══ GIVEN ENTRIES ══

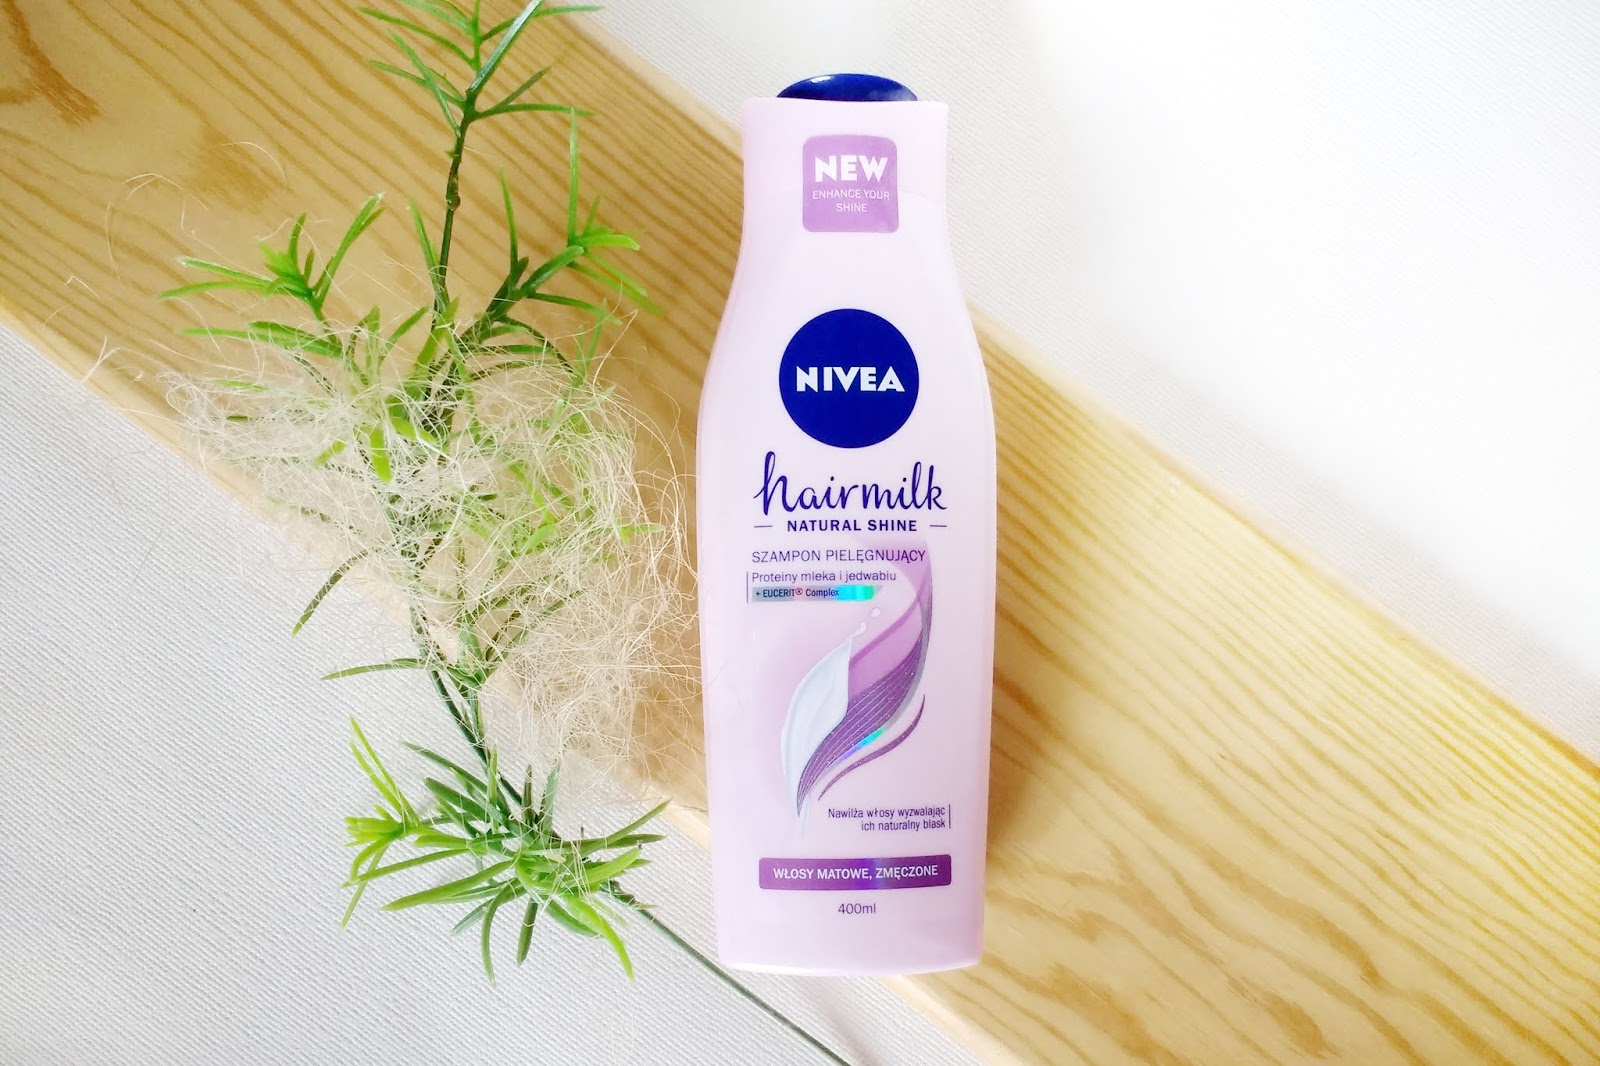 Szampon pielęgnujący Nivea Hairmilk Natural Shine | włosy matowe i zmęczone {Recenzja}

═══
══ GIVEN ENTRIES ══

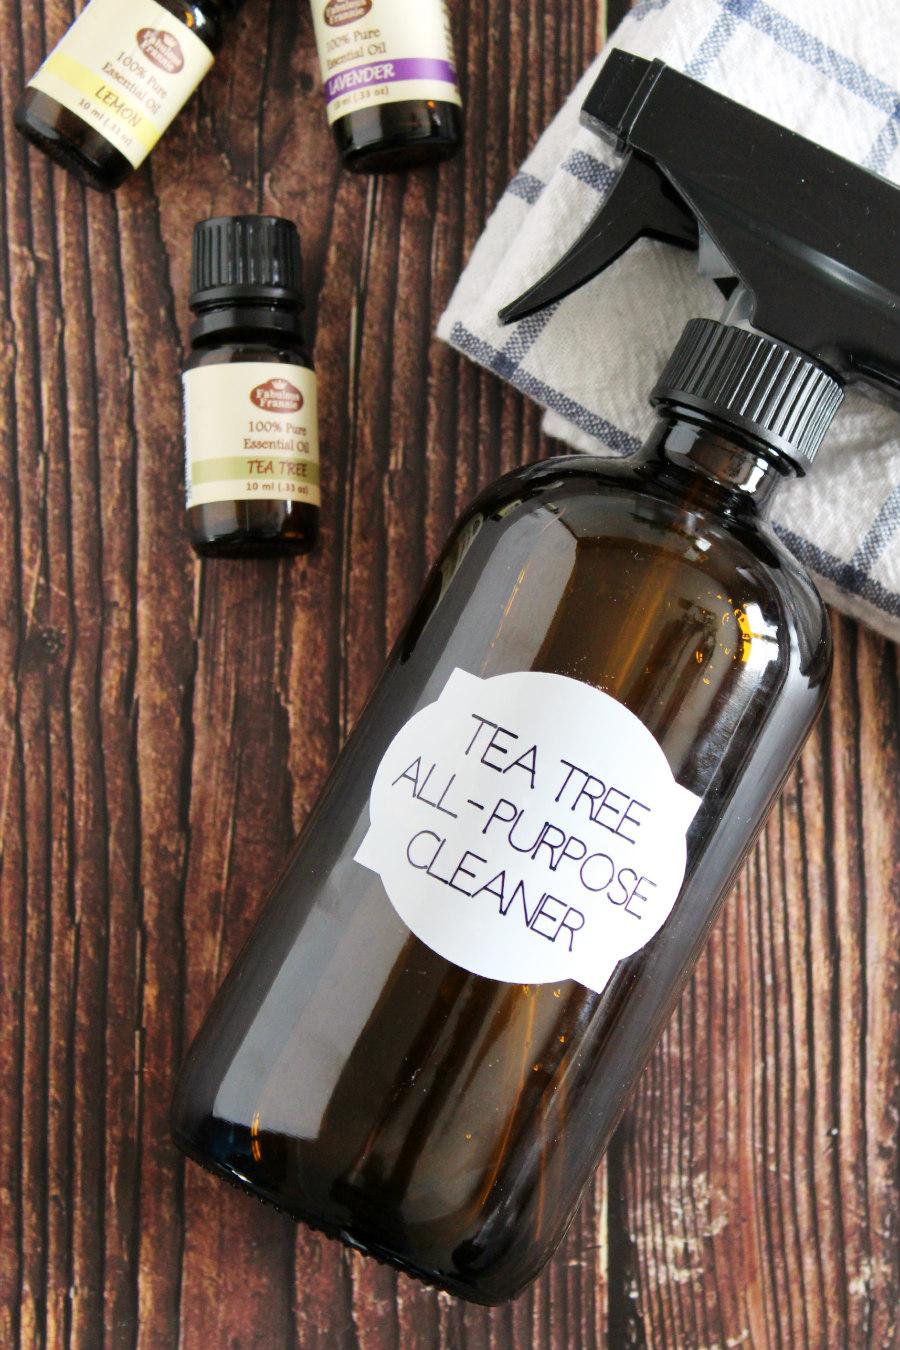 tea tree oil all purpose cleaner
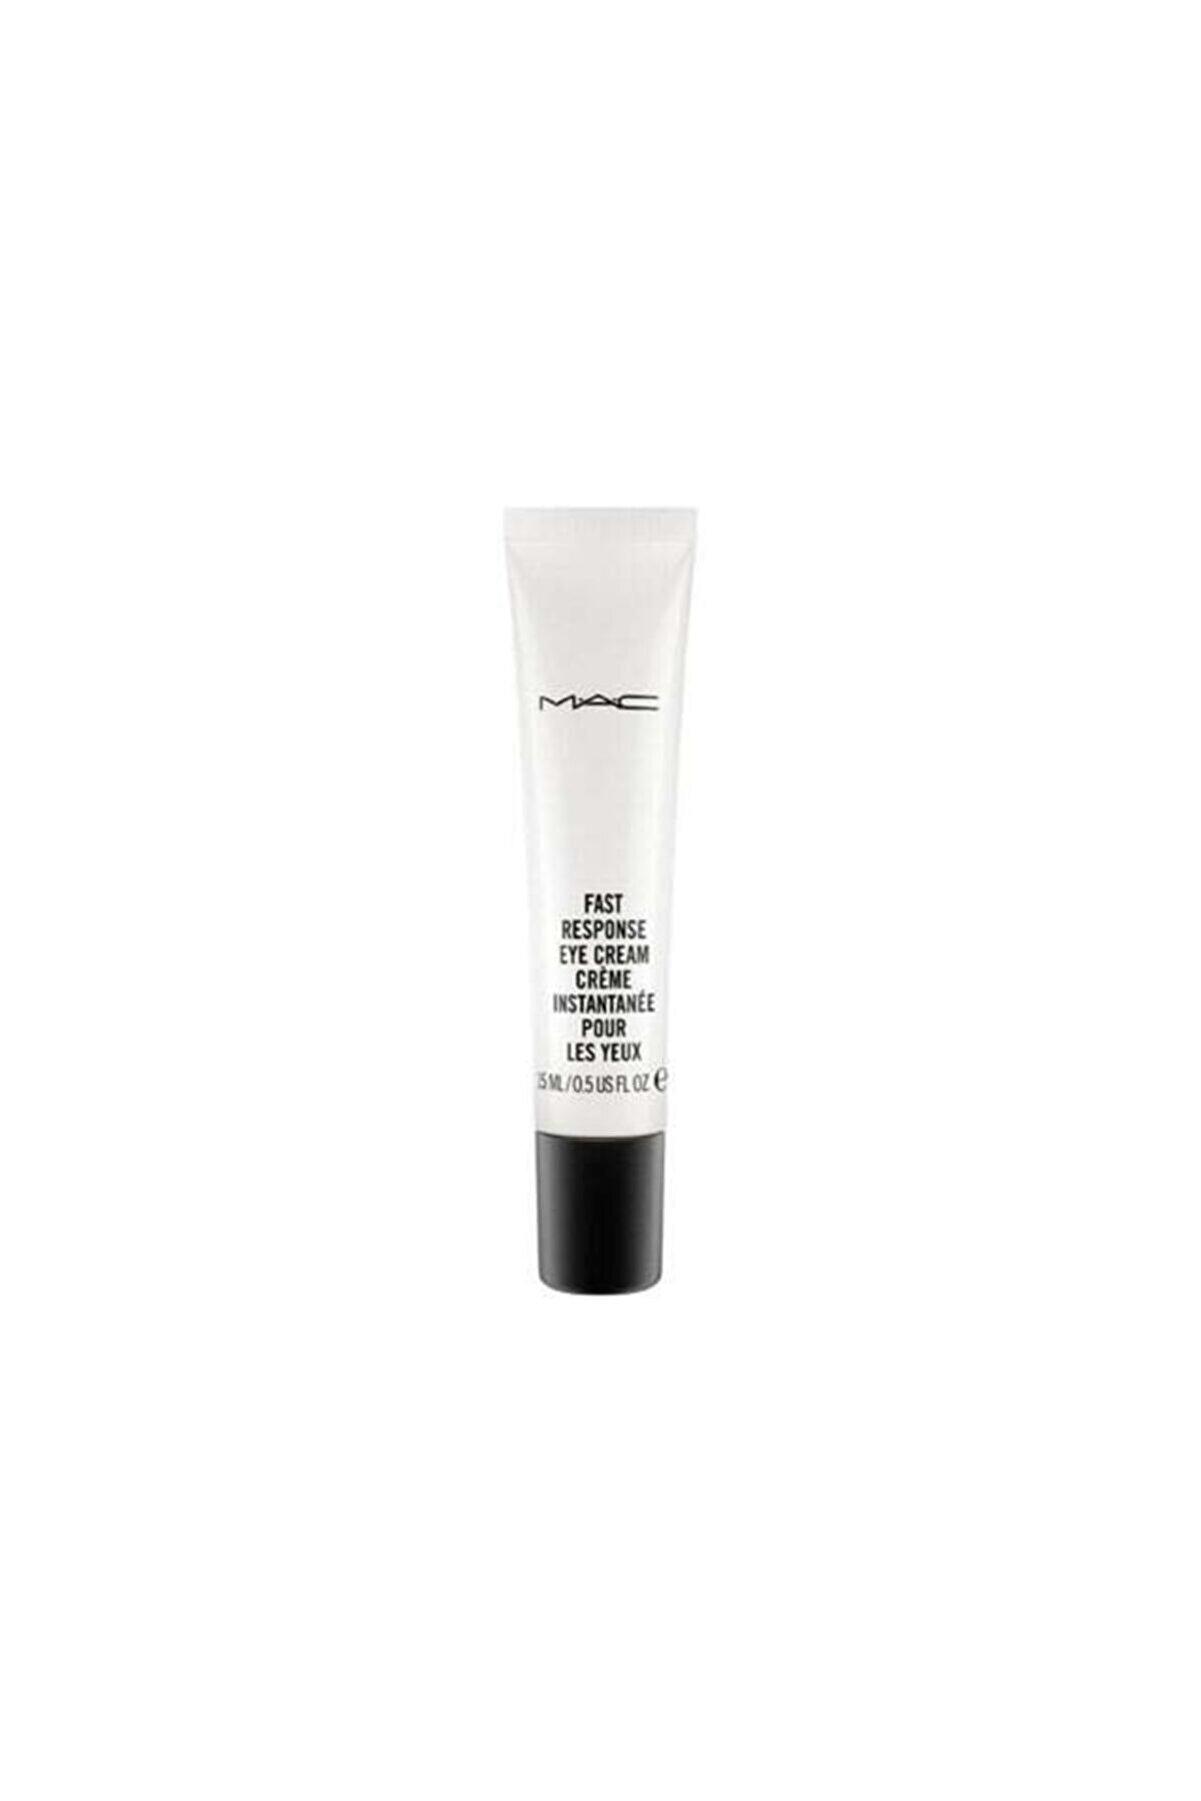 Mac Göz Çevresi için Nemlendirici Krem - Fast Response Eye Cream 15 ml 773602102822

═══

■ WORK ITEM: Copy out the listing above from the line containing "tea tree oil all purpose cleaner" to the line containing "Mac Göz Çevresi", both included, exactly as written and minus the images.

■ EXERCISE RESPONSE:
 tea tree oil all purpose cleaner
 Mac Göz Çevresi için Nemlendirici Krem - Fast Response Eye Cream 15 ml 773602102822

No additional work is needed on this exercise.